**Source data**
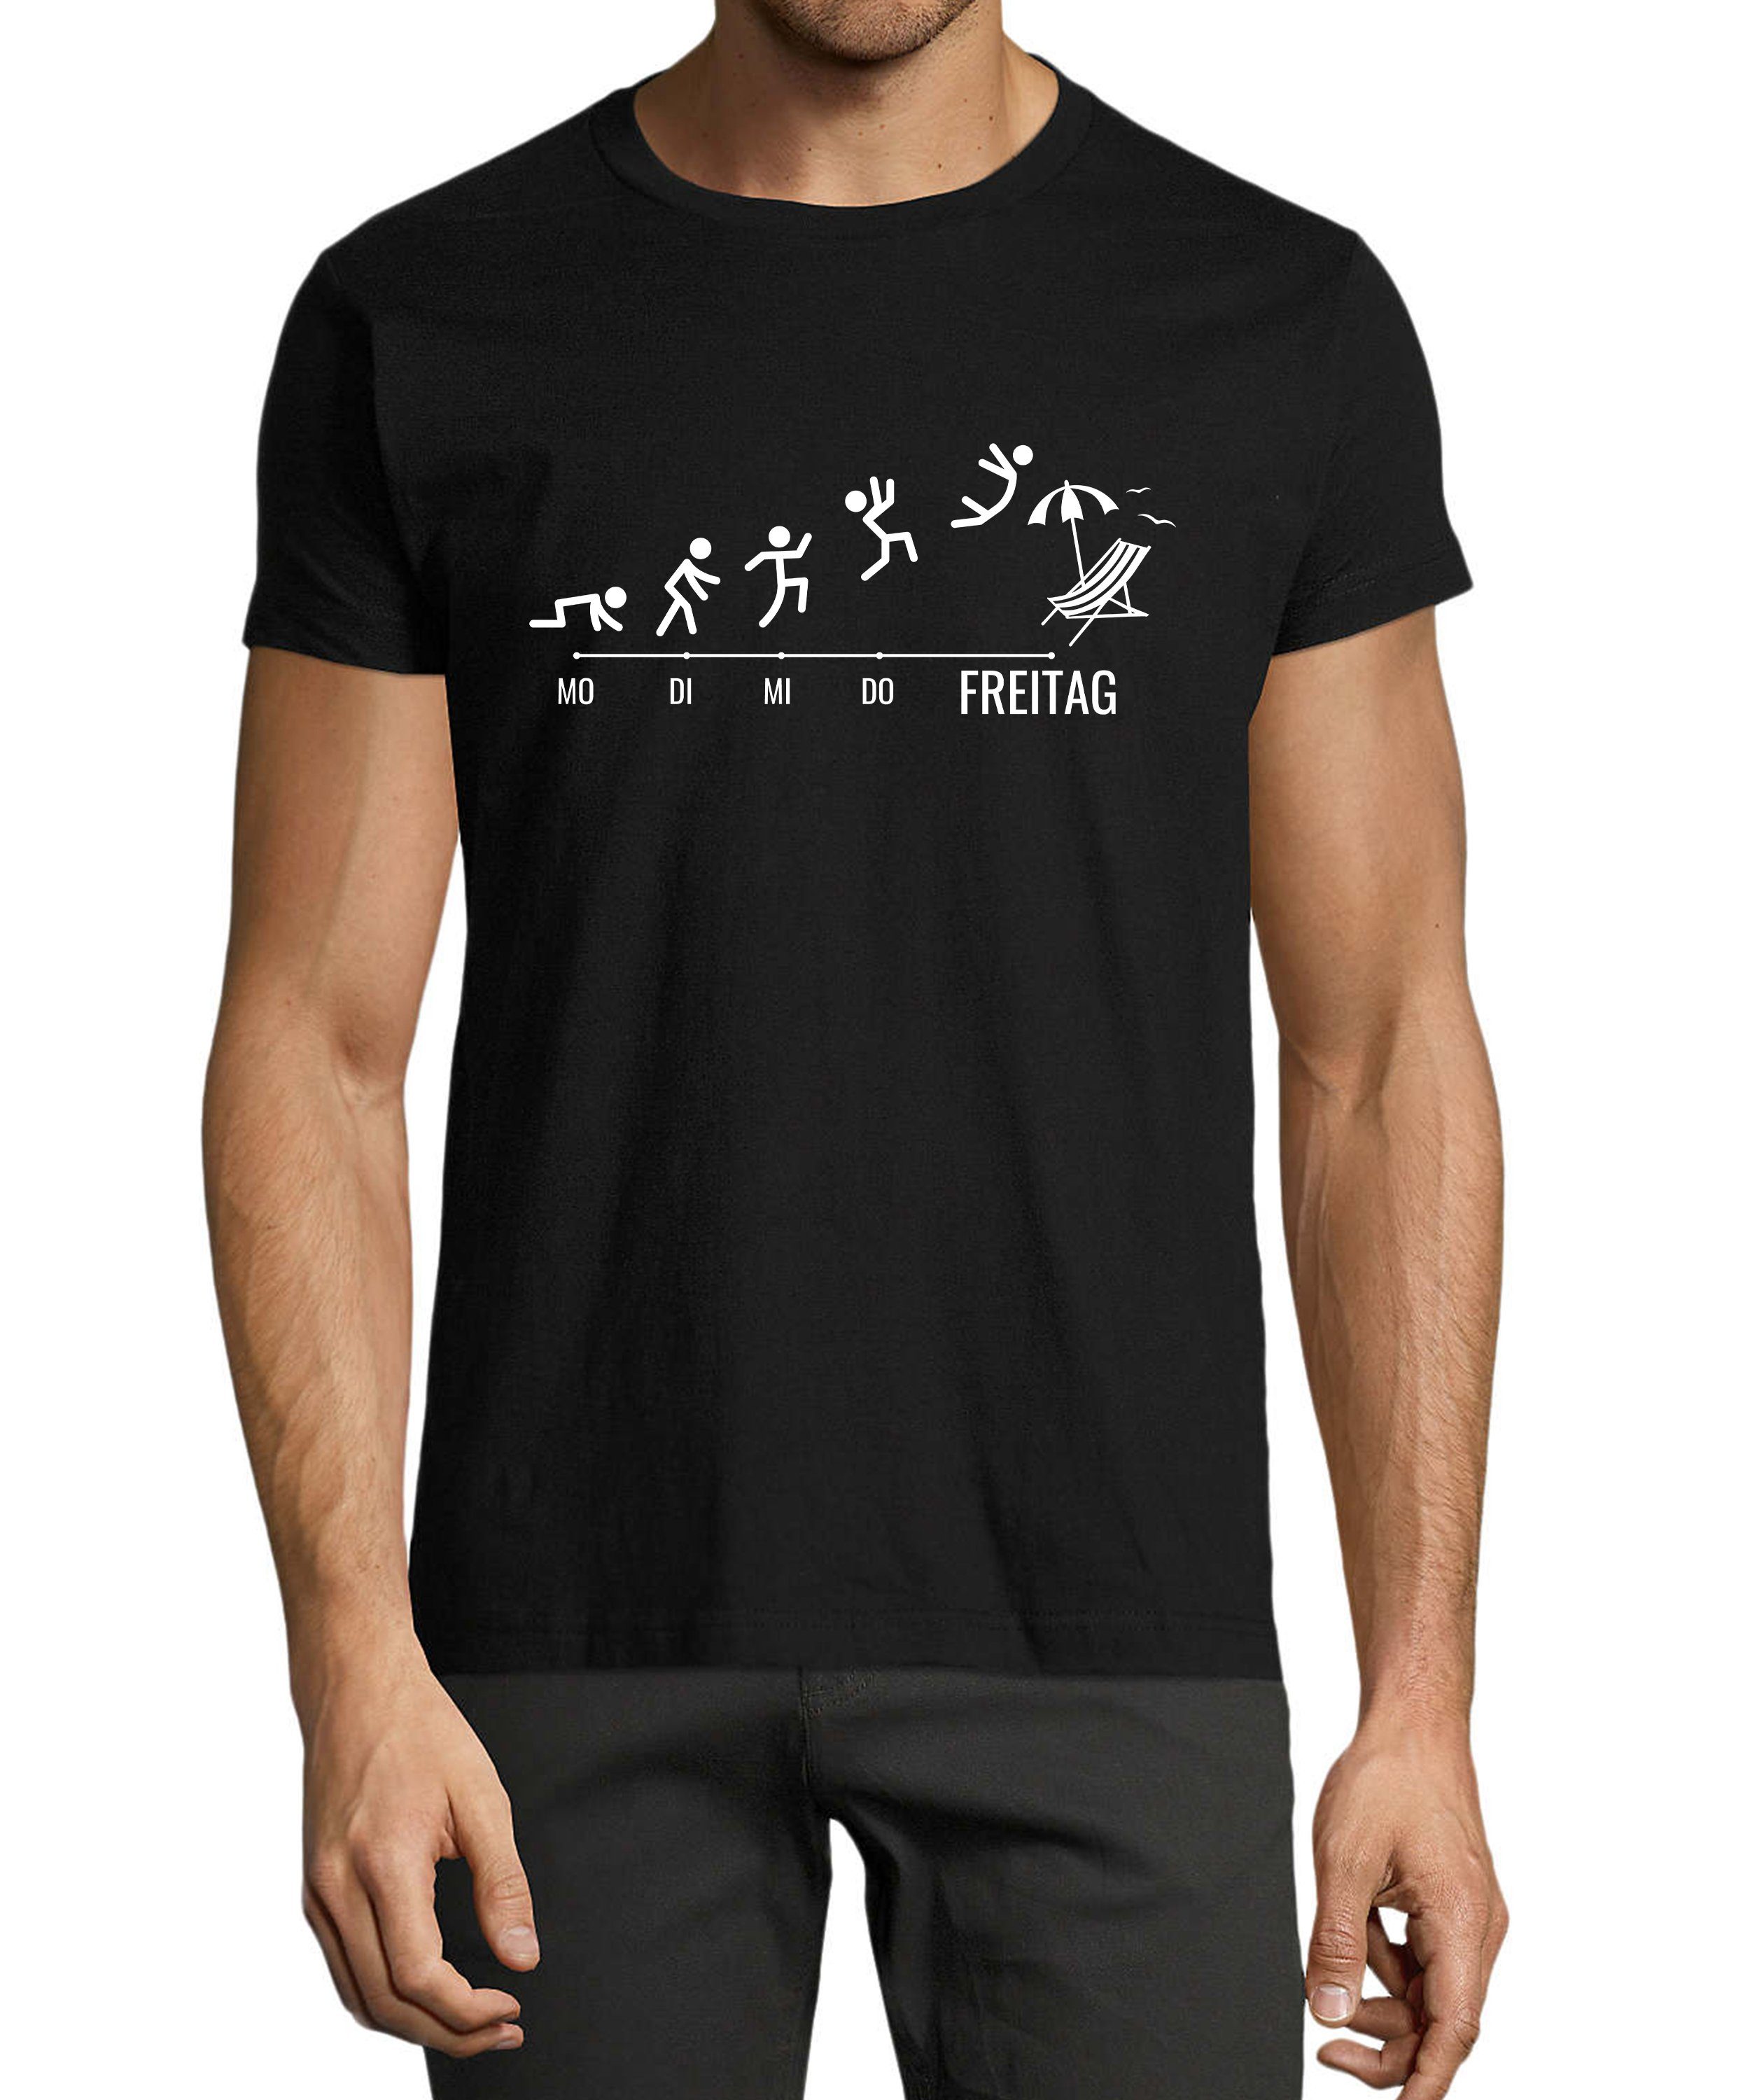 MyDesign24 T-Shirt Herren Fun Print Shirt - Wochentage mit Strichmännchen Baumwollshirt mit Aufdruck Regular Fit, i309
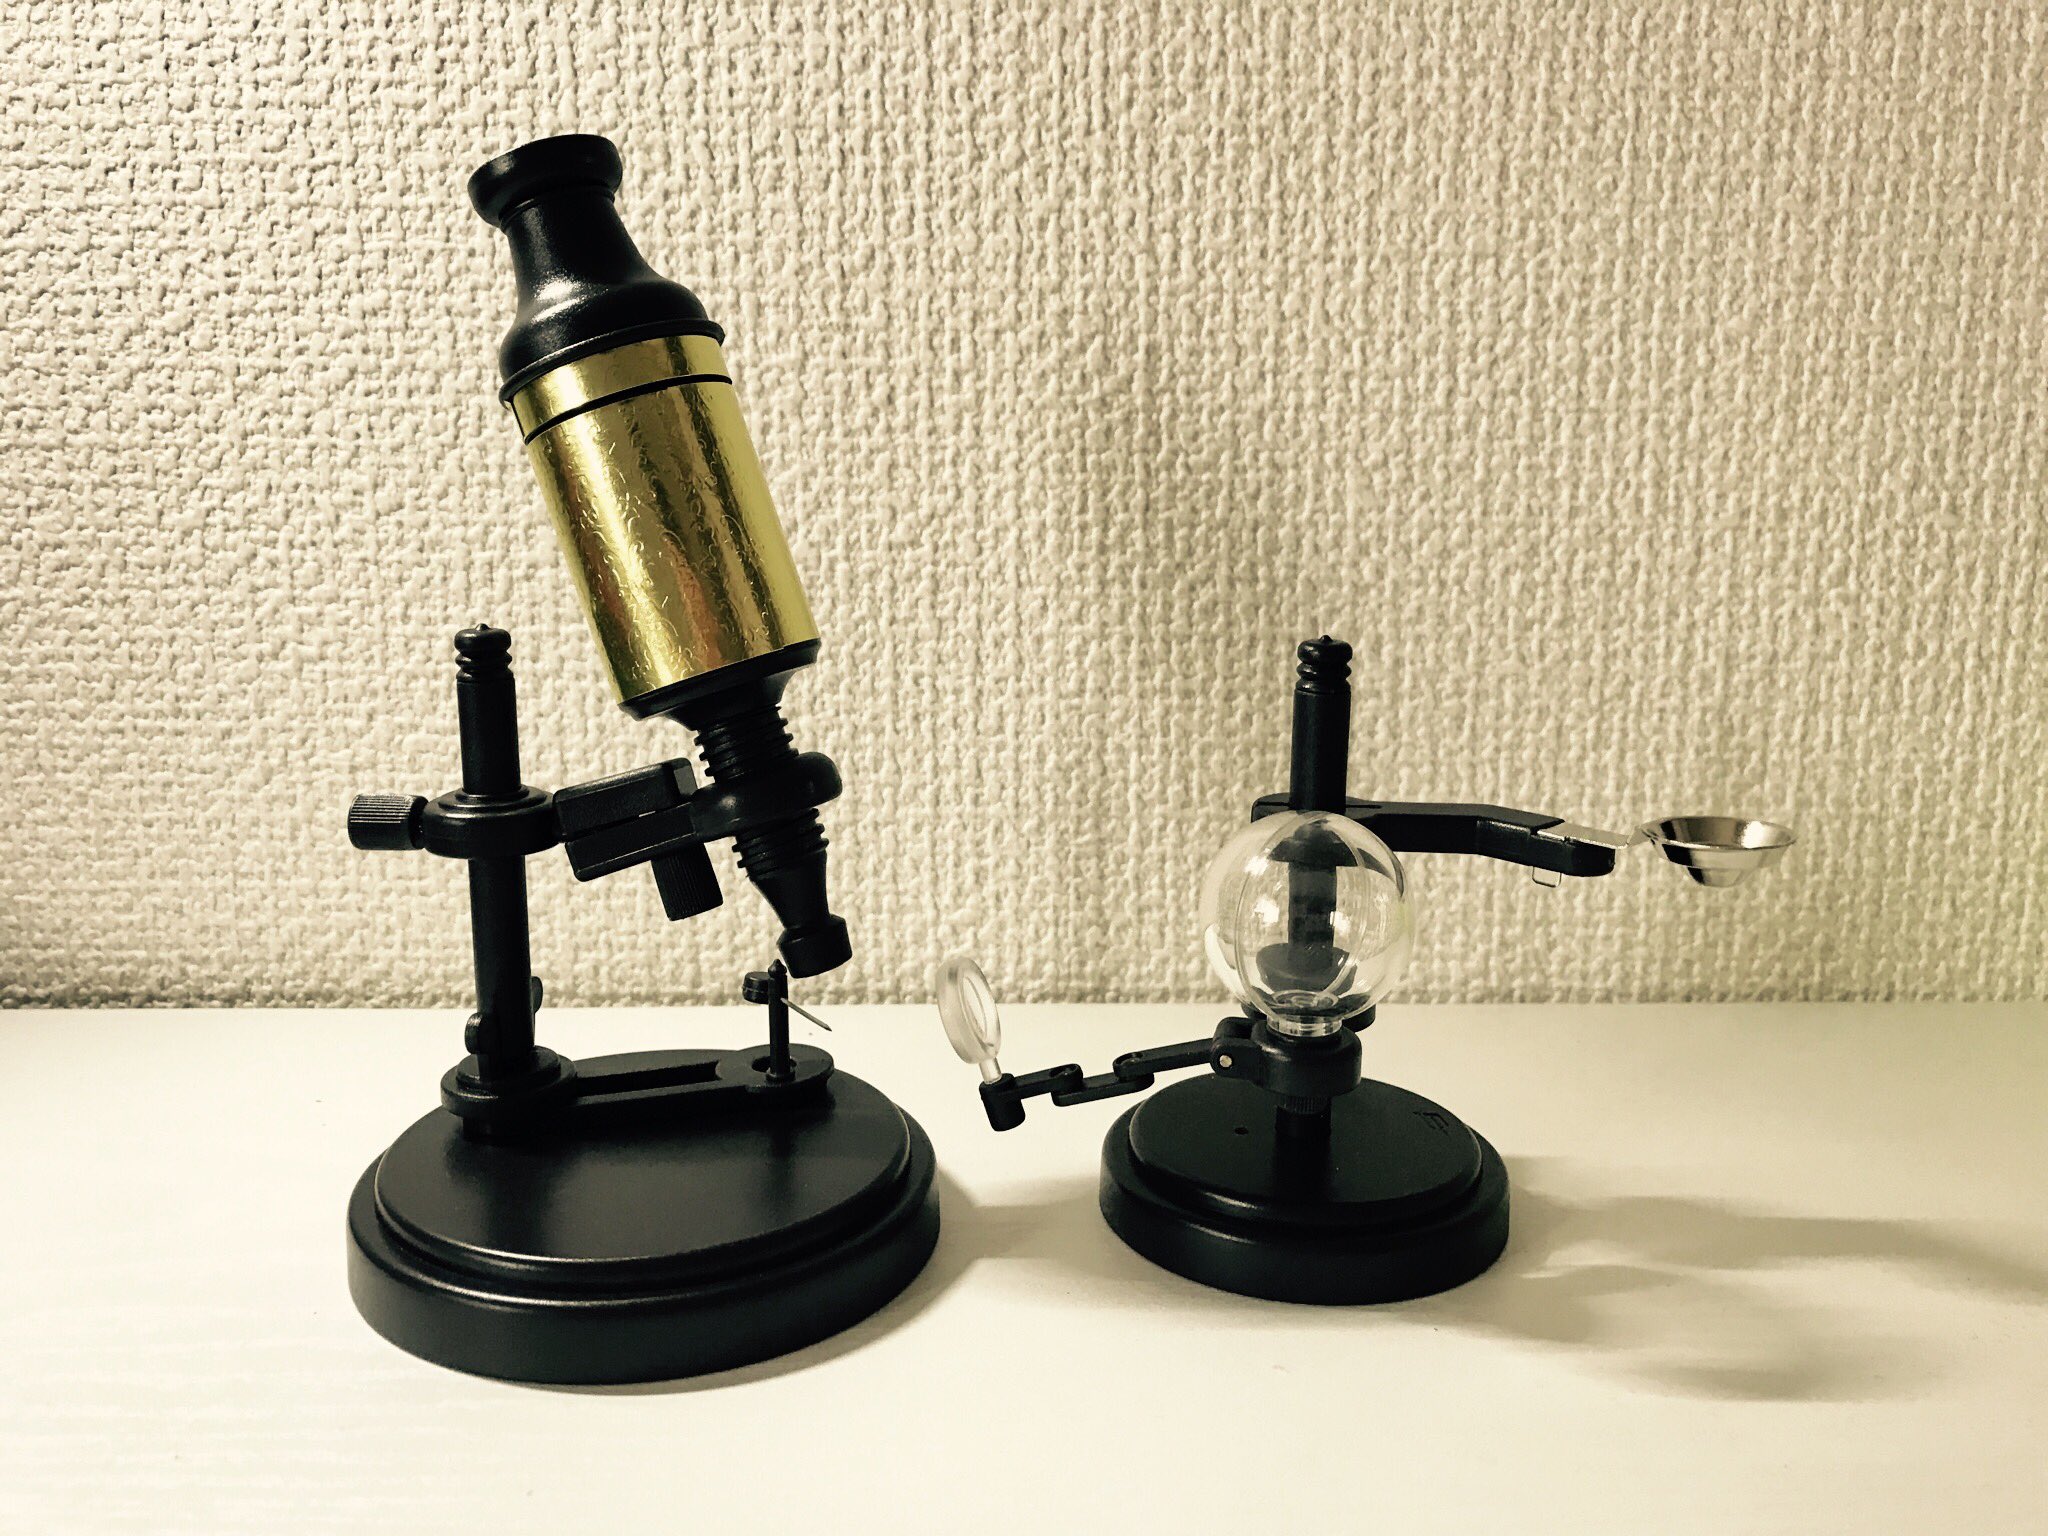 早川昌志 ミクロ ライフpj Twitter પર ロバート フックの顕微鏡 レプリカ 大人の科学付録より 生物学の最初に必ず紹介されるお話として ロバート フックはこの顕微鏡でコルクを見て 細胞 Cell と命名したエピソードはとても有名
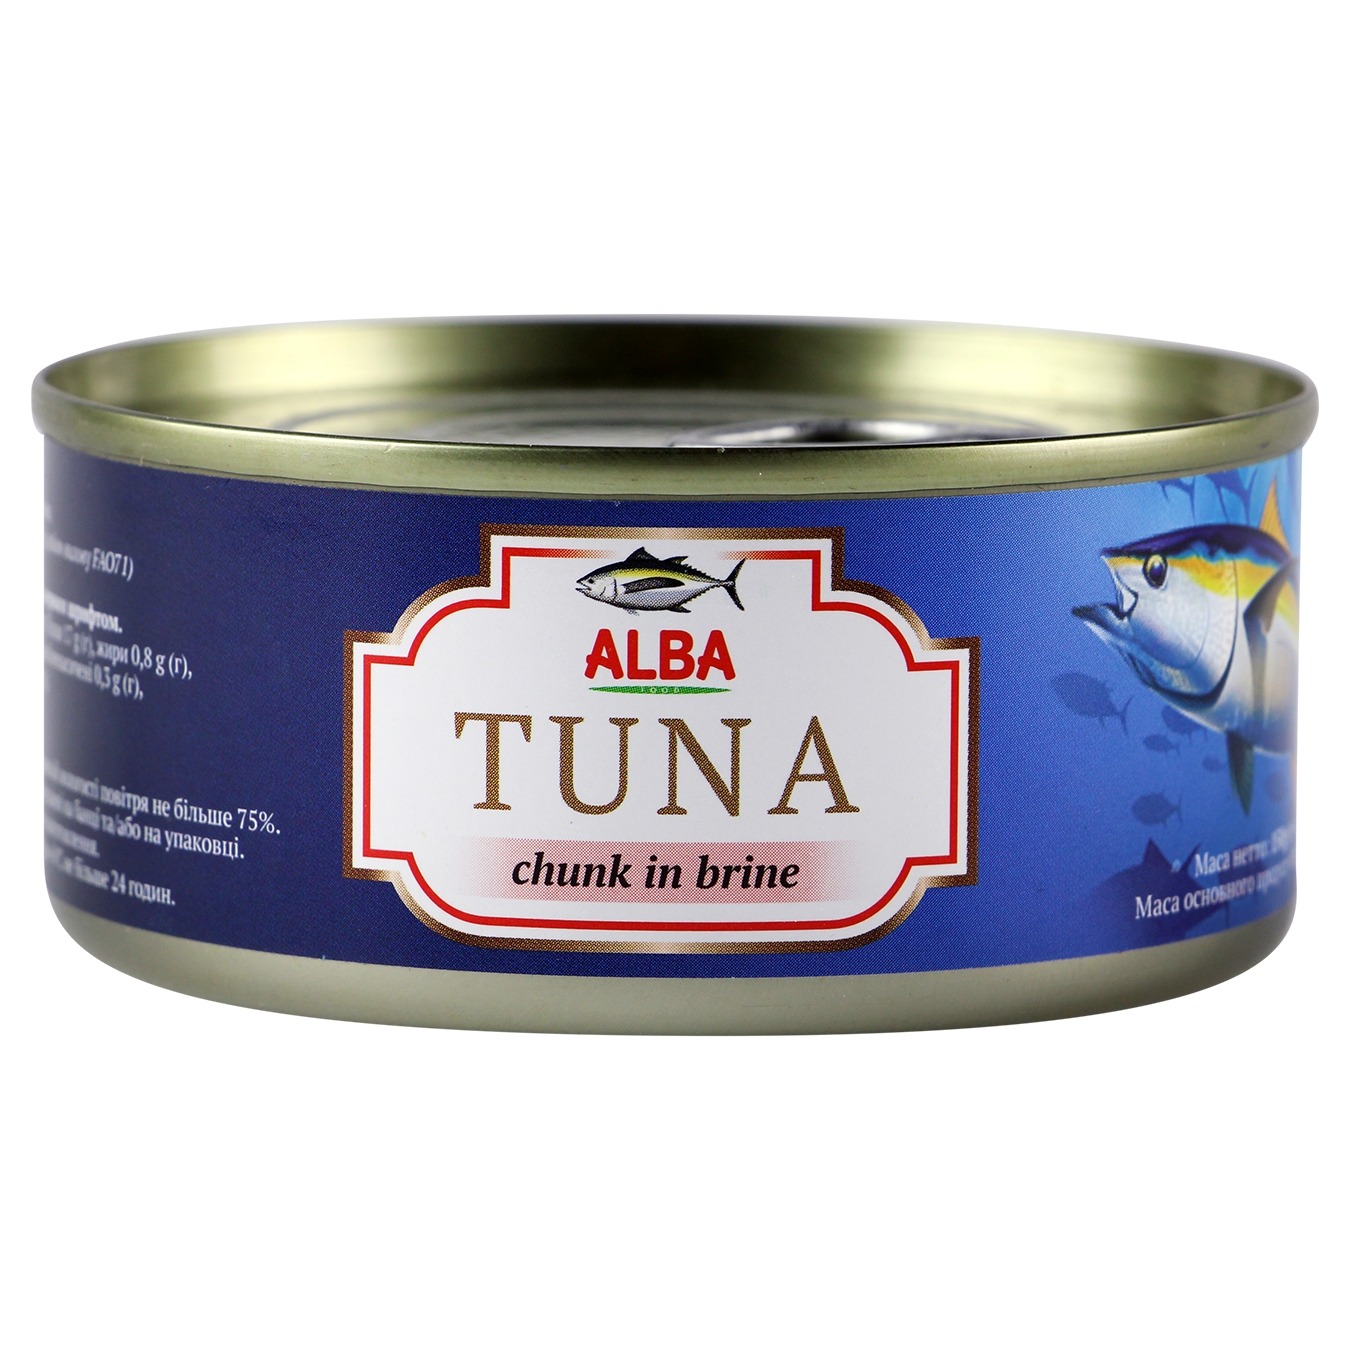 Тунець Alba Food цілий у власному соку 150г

**Instructions to follow**
Repeat each line of the material exactly, please, and skip every picture.

**Response below**
 MyDesign24 T-Shirt Herren Fun Print Shirt - Wochentage mit Strichmännchen Baumwollshirt mit Aufdruck Regular Fit, i309
 早川昌志 ミクロ ライフpj Twitter પર ロバート フックの顕微鏡 レプリカ 大人の科学付録より 生物学の最初に必ず紹介されるお話として ロバート フックはこの顕微鏡でコルクを見て 細胞 Cell と命名したエピソードはとても有名
 Тунець Alba Food цілий у власному соку 150г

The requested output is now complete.